Mantan Jubir FPI Aceh Jadi Tersangka

Polda Aceh sudah menyerahkan berkas tersangka MH kepada Kejaksaan Tinggi (Kejati) Aceh pada akhir Maret 2021 terkait kasus penghinaan atau pencemaran nama baik.
Jubir FPI Aceh
Foto Istimewa

ACEHSATU.COM | BANDA ACEH – Polda Aceh sudah menyerahkan berkas tersangka MH kepada Kejaksaan Tinggi (Kejati) Aceh pada akhir Maret 2021 terkait kasus penghinaan atau pencemaran nama baik.

Status berkas perkara sudah dinyatakan lengkap alias P-21 oleh Polda Aceh sehingga berkas diserahkan ke Kejati Aceh untuk ditindaklanjut.

Selain berkas, kepolisian juga menyerahkan tersangka, Rabu 7 April 2021.

Kabid Humas Polda Aceh, Kombes Pol Winardi kepada wartawan mengatakan, kasusnya sudah masuk tahap dua yaitu penyerahan tersangka dan barang bukti.

Ia mengatakan, MH berserta barang bukti saat ini sudah diserahkan ke Kejaksaan Tinggi dan akan diproses penuntutan dan persidangan.

“Kasusnya sudah lama.

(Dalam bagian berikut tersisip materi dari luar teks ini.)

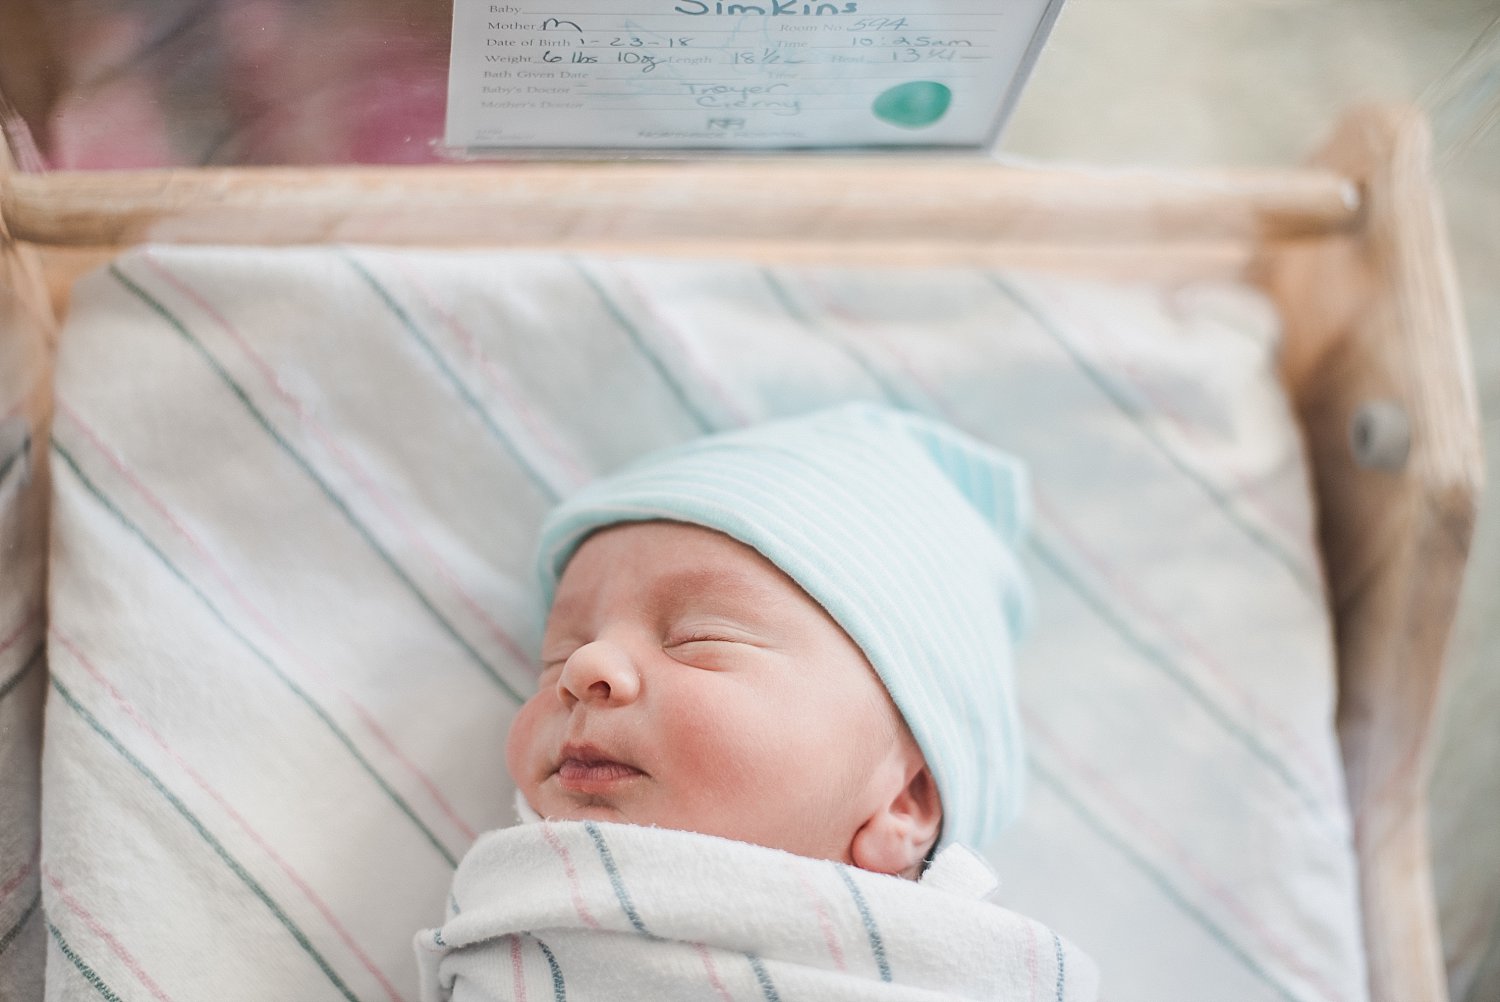 Newborn baby in Bassinet Northside Atlanta Hospital

Yang bersangkutan saat itu sudah diserahkan ke Kejati dan akan dilakukan proses penuntutan dan persidangan,”jelasnya.

Jubir FPI Aceh
Foto Istimewa

Winardi mengaku, terhadap MH tidak dilakukan penangkapan. Sebab MH sangat koperatif dalam memenuhi panggilan aparat penegak hukum.

Dikaakan, karena yang bersangkutan kooperatif sehingga sampai saat ini tidak ditahan.

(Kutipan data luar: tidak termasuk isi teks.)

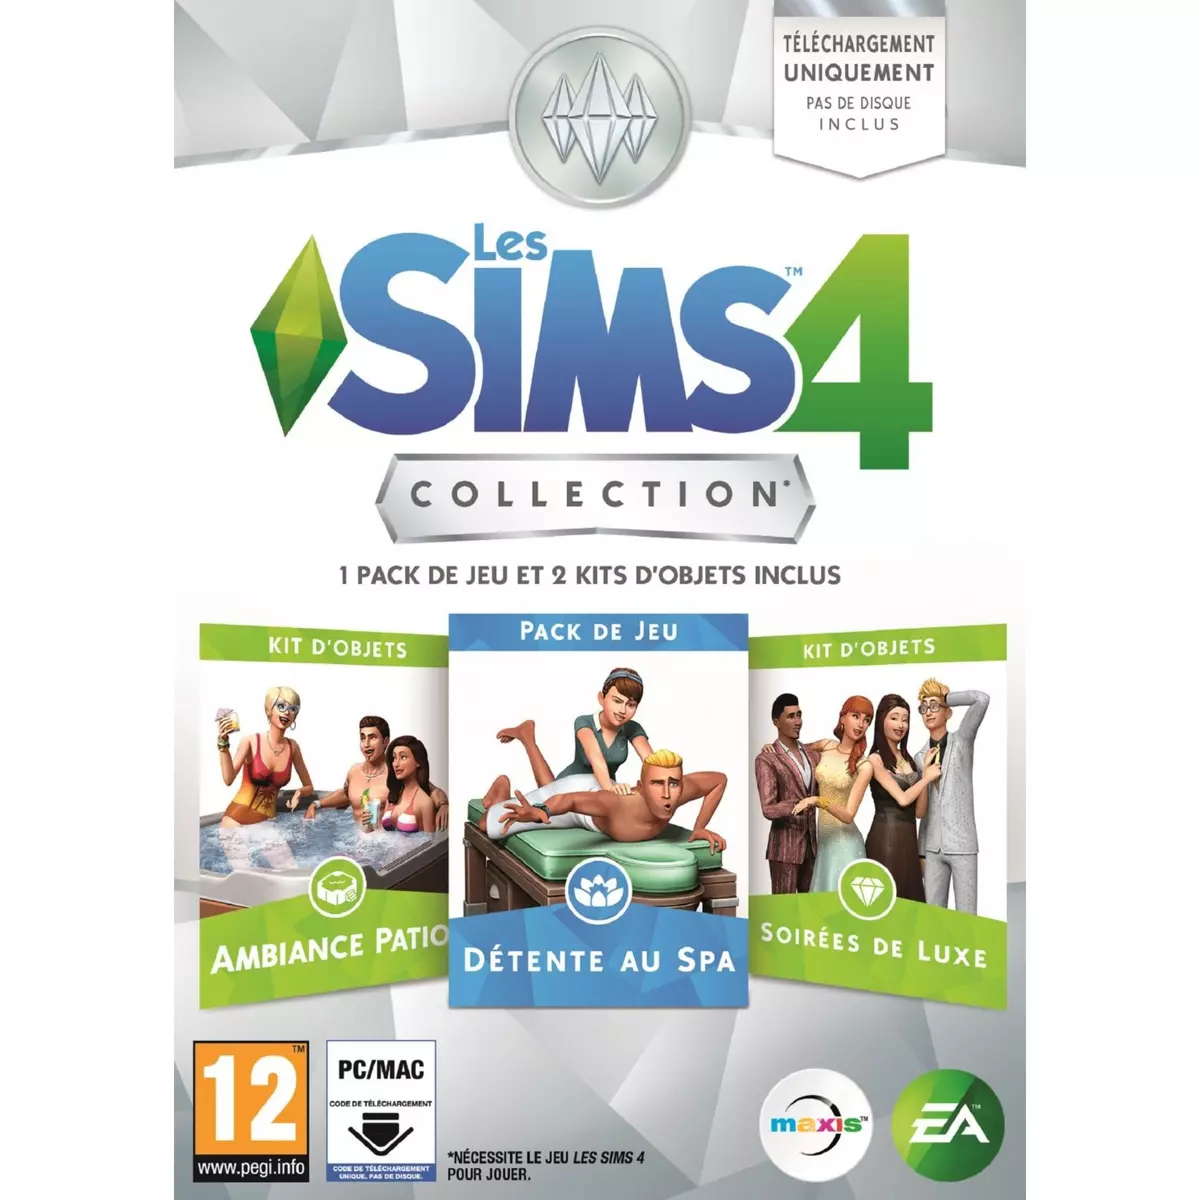 Les Sims 4 Collection : 1 Pack de jeu et 2 Kits d'objets inclus

Sementara itu, Jaksa Penuntut Umum (JPU) Kejati Aceh, Lena Rosdiana, menyampaikan dalam waktu dekat pihaknya akan melimpahkan berkas perkara kasus penghinaan atau pencemaran nama baik tersebut ke Pengadilan Negeri (PN) Banda Aceh.

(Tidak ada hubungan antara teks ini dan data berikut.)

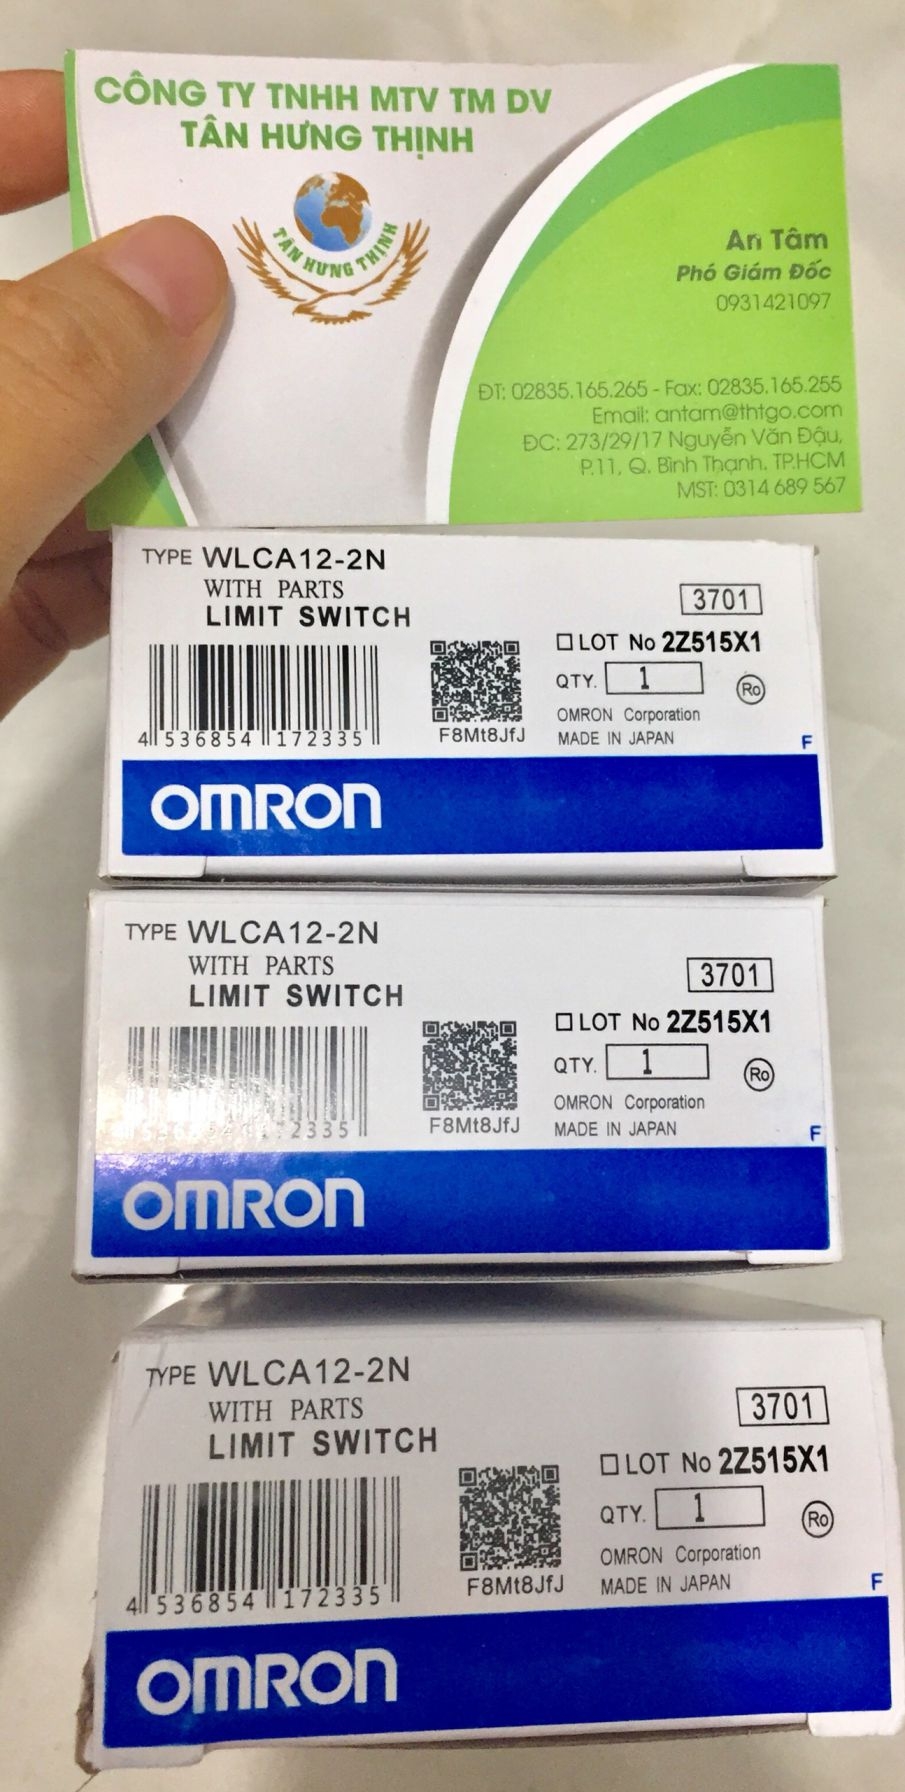 OMRON WLCA12-2N

Disebutkan, setelah kami limpahkan berkas perkaranya ke Pengadilan Negeri Banda Aceh, baru nanti ditetapkan jadwal sidang.

MH dilaporkan oleh Yusbi Yusuf pada 25 Februari 2020.

Dia dituduh mengunggah postingan yang mengandung fitnah dan penghinaan di akun Facebook miliknya.

MH lalu ditetapkan sebagai tersangka dalam kasus penghinaan dan/atau pencemaran nama baik; Pasal 27 ayat (3) Jo. Pasal 45 ayat (3) UU ITE. (*)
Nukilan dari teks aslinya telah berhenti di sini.